众人也发现了柴攸宁的存在,不禁有些心虚,粉衣少女却是对赵姝不咸不淡的态度很是窝火,恼怒道,“郡主!你怎么能任凭这个人胡闹呢!”
赵姝执笔点了点墙上的画朗声说道,“从这里进攻,便能拿下淮南。”
柴攸宁凑近了看,依然迷茫地摇了摇头。
那边的紫衣公子年龄大些,倒听出了点门道,冷笑道,“你说能拿下就能拿下,淮南十八道之自东齐皇朝存在以来,从未被攻破过。”

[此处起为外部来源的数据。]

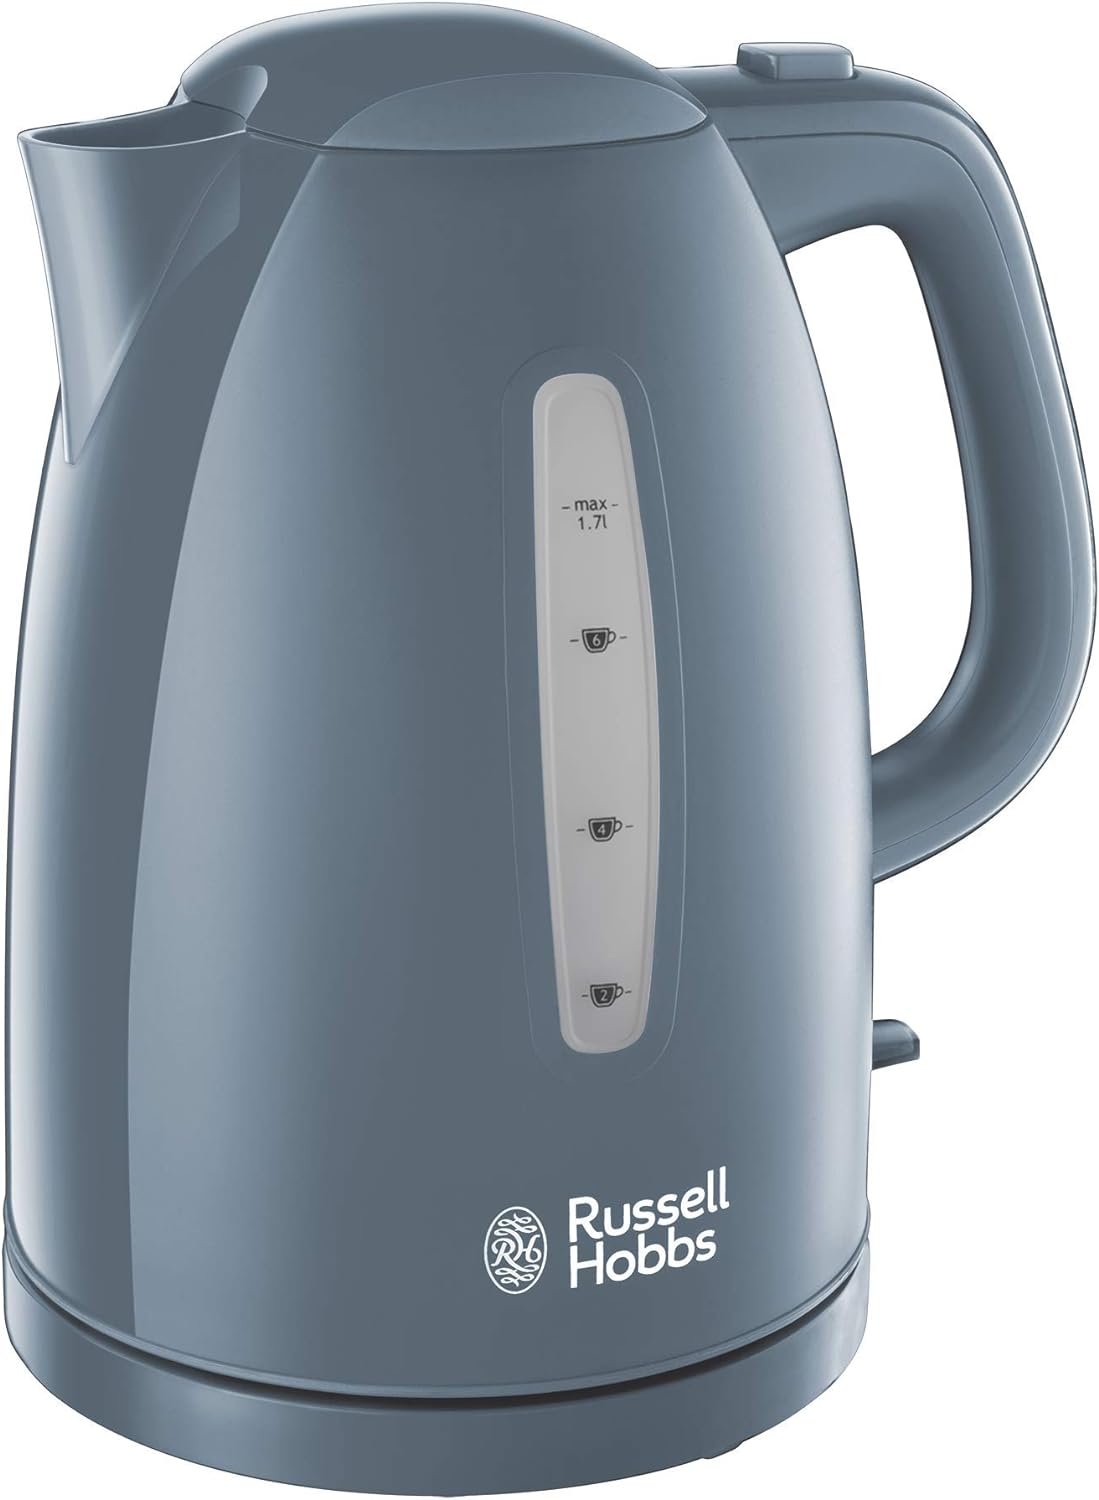 Russell Hobbs Textures Electric Kettle with Rapid Boil and Perfect Pour Spout, 1.7 Litre, Grey
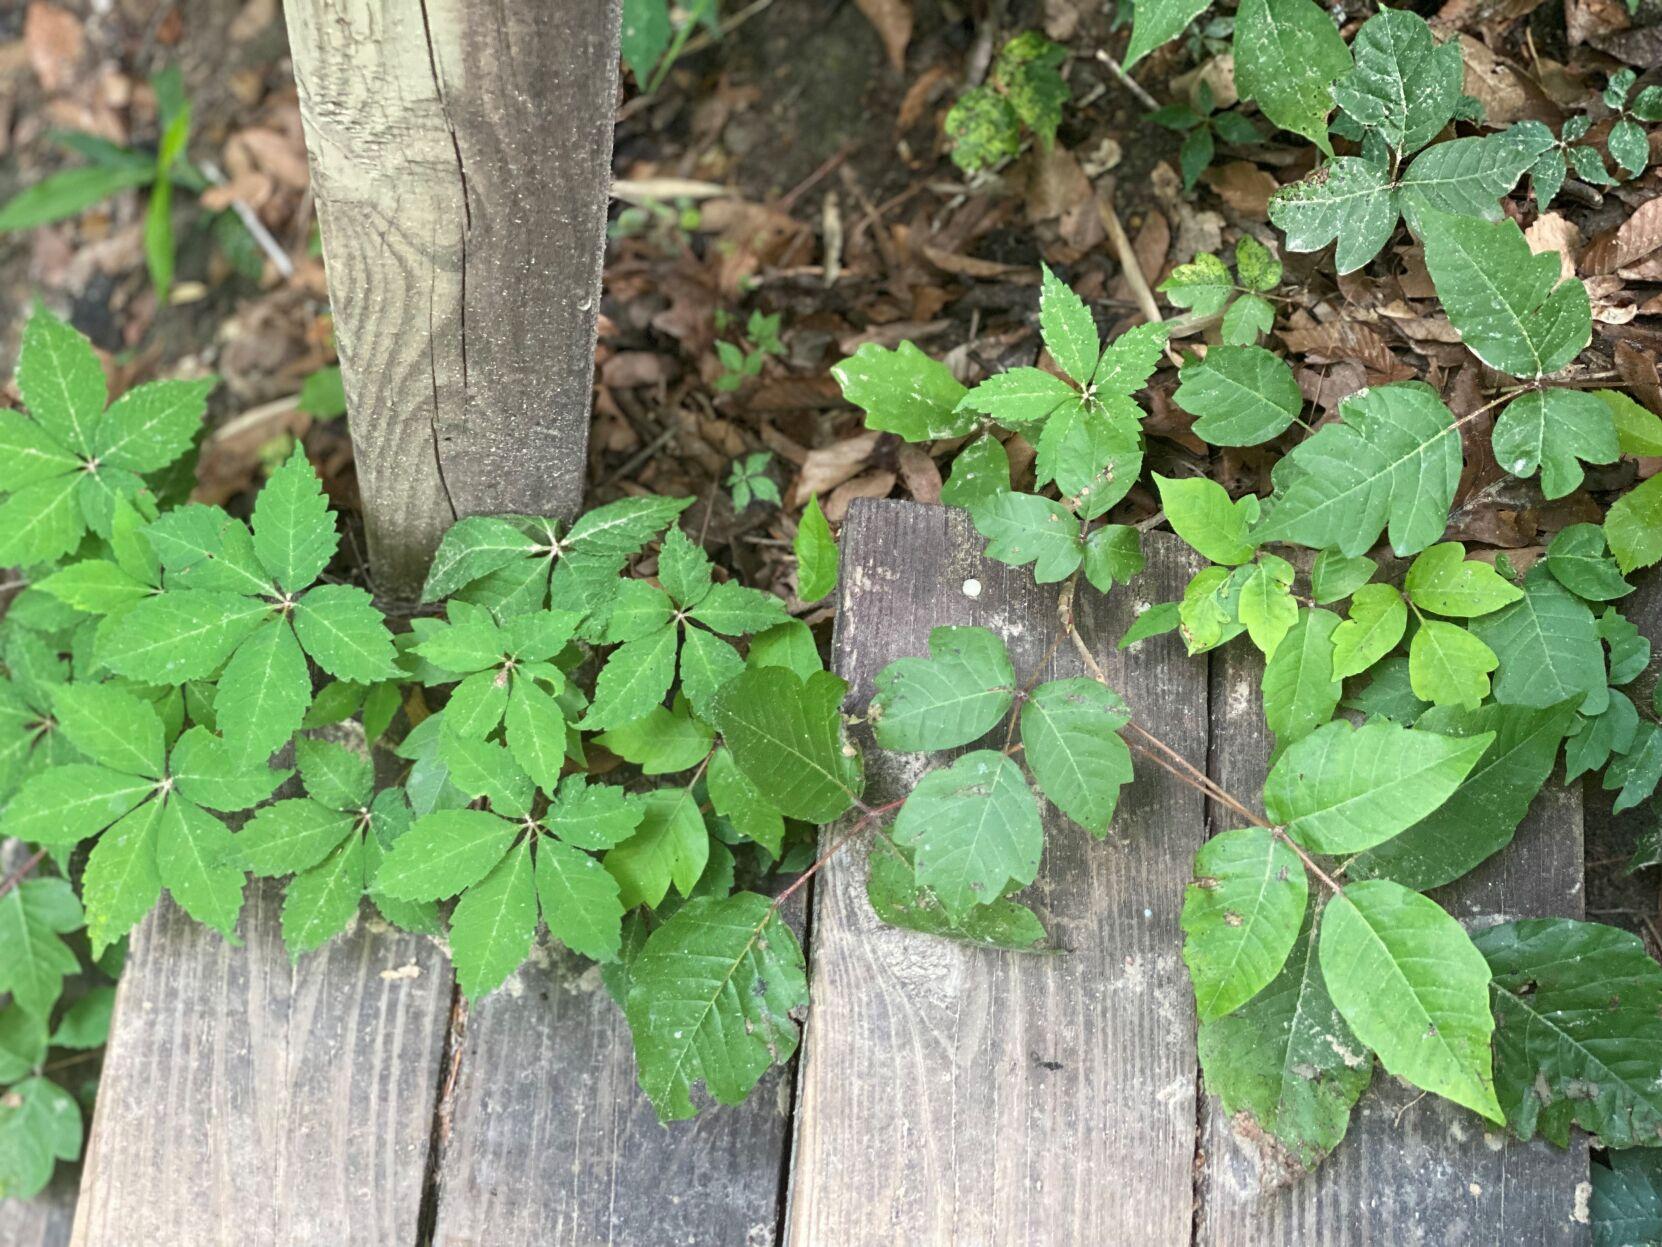 Here's how to identify poison ivy and remove it from your landscape

赵姝挑眉看了眼那个一身华贵的公子哥一眼,继续说道,“淮南十八道,自古以来都是兵家必争之地,其每一道相互绵延,易守难攻,构成了淮南的最后一道防线,曾经南蛮、西凉、突厥三大精锐合纵攻城,始不能杀入淮南,这就是历史上著名的‘淮南战役’。”
“但是,”她停顿了一下,扫视着众人,一字一顿地说道,“淮南十八道,并不是完全不能攻破。”
她本就身得比同龄女子生得更为高挑纤细,如今高仰着头,露出整张脸庞,一脸高深莫测的样子,于一群十多岁的小孩之间,确实还能唬住几分,竟没有一个人再纠结,这画到底是不是被毁了。
“最右边这一道,地势最高却道路平稳,”赵姝将笔点在自己画叉的那个位置上,示意众人注意两边的笔墨,“这表示其南侧北侧有精军把手,东侧悬空,我军只要领一队人强攻此处西侧,再从东侧突袭,就能顺势占领地势较低的十七道,突破淮南的连环防御,一举进城!”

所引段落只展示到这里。